EXERCISE. Go through the records and transcribe them exactly, passing over any picture.

THE RECORDS.
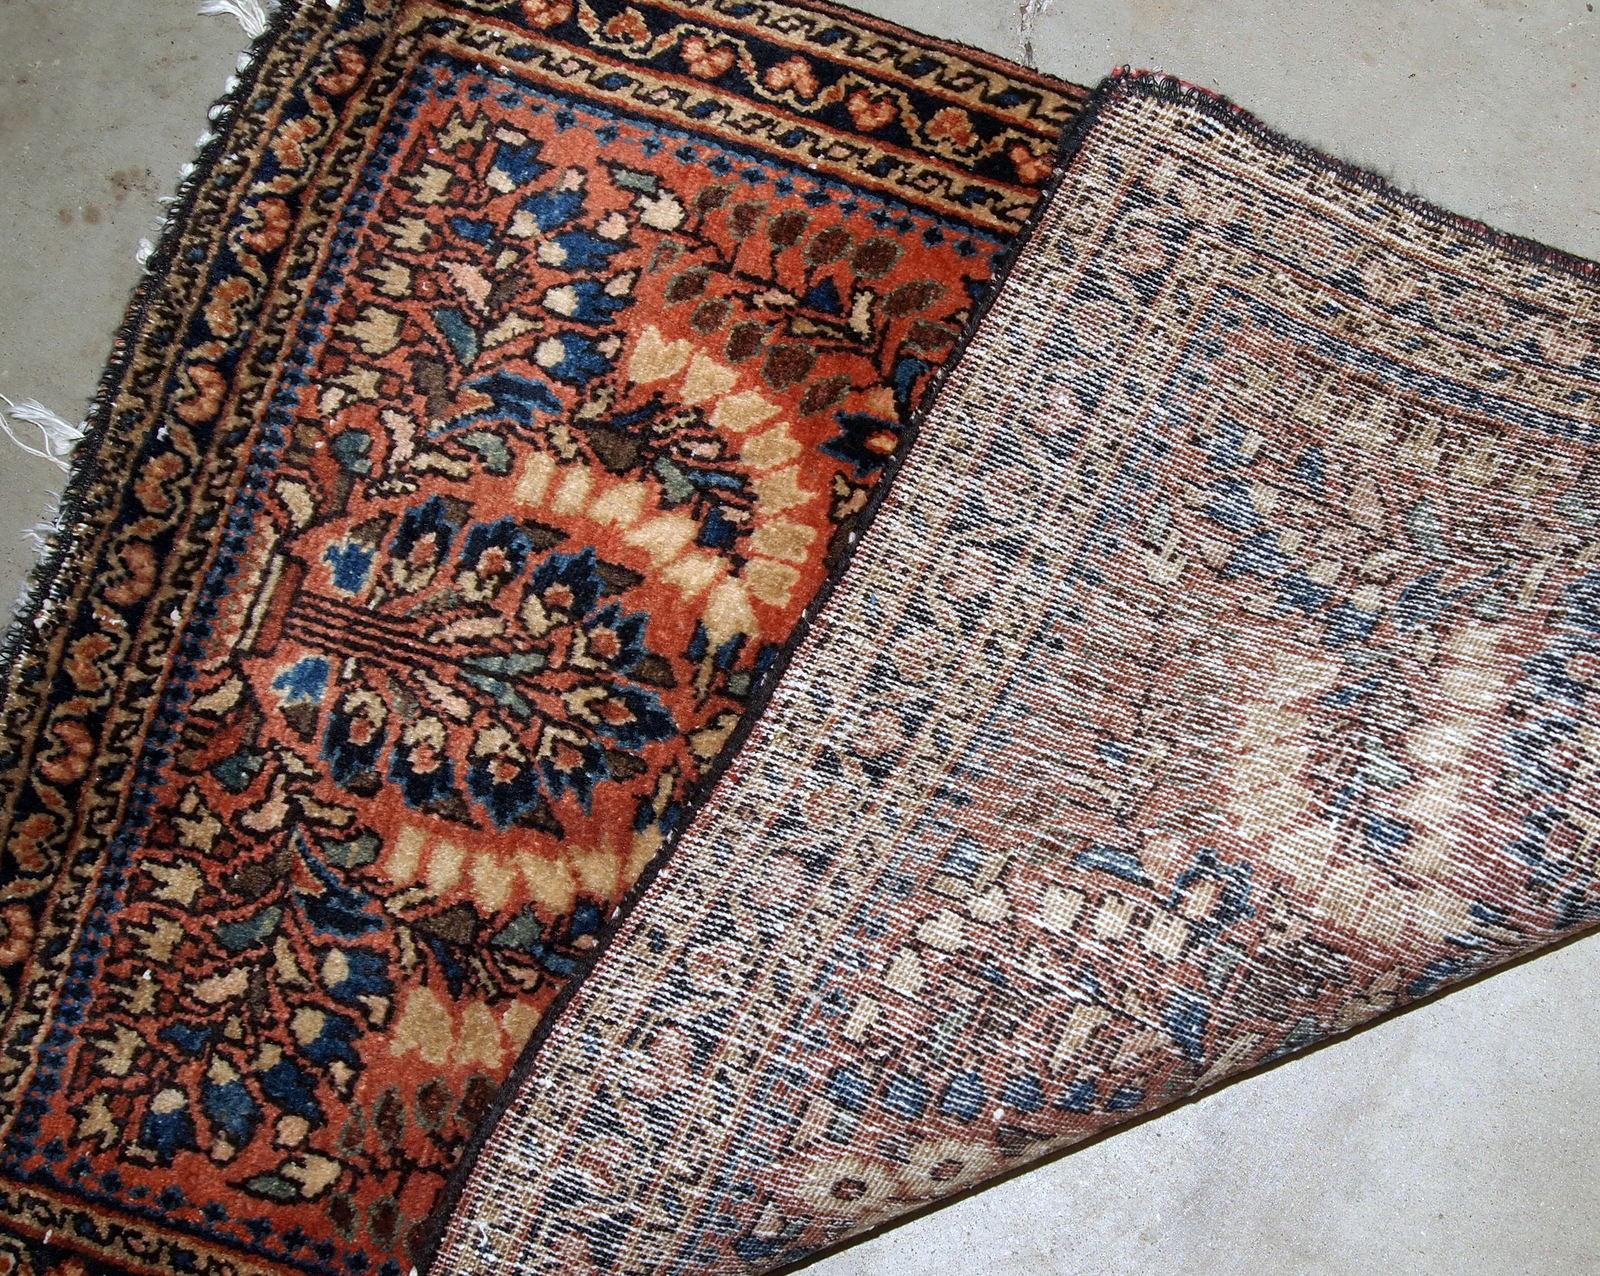 Handmade antique Sarouk style rug in original good condition. The rug is from the beginning of 20th century made in traditional design.

?-Condition: Original good,

-circa 1920s,

-Size: 2.1' x 3.2' (64cm x 97cm),

-Material:

ANSWER BOX.
 Handmade antique Sarouk style rug in original good condition. The rug is from the beginning of 20th century made in traditional design.

?-Condition: Original good,

-circa 1920s,

-Size: 2.1' x 3.2' (64cm x 97cm),

-Material:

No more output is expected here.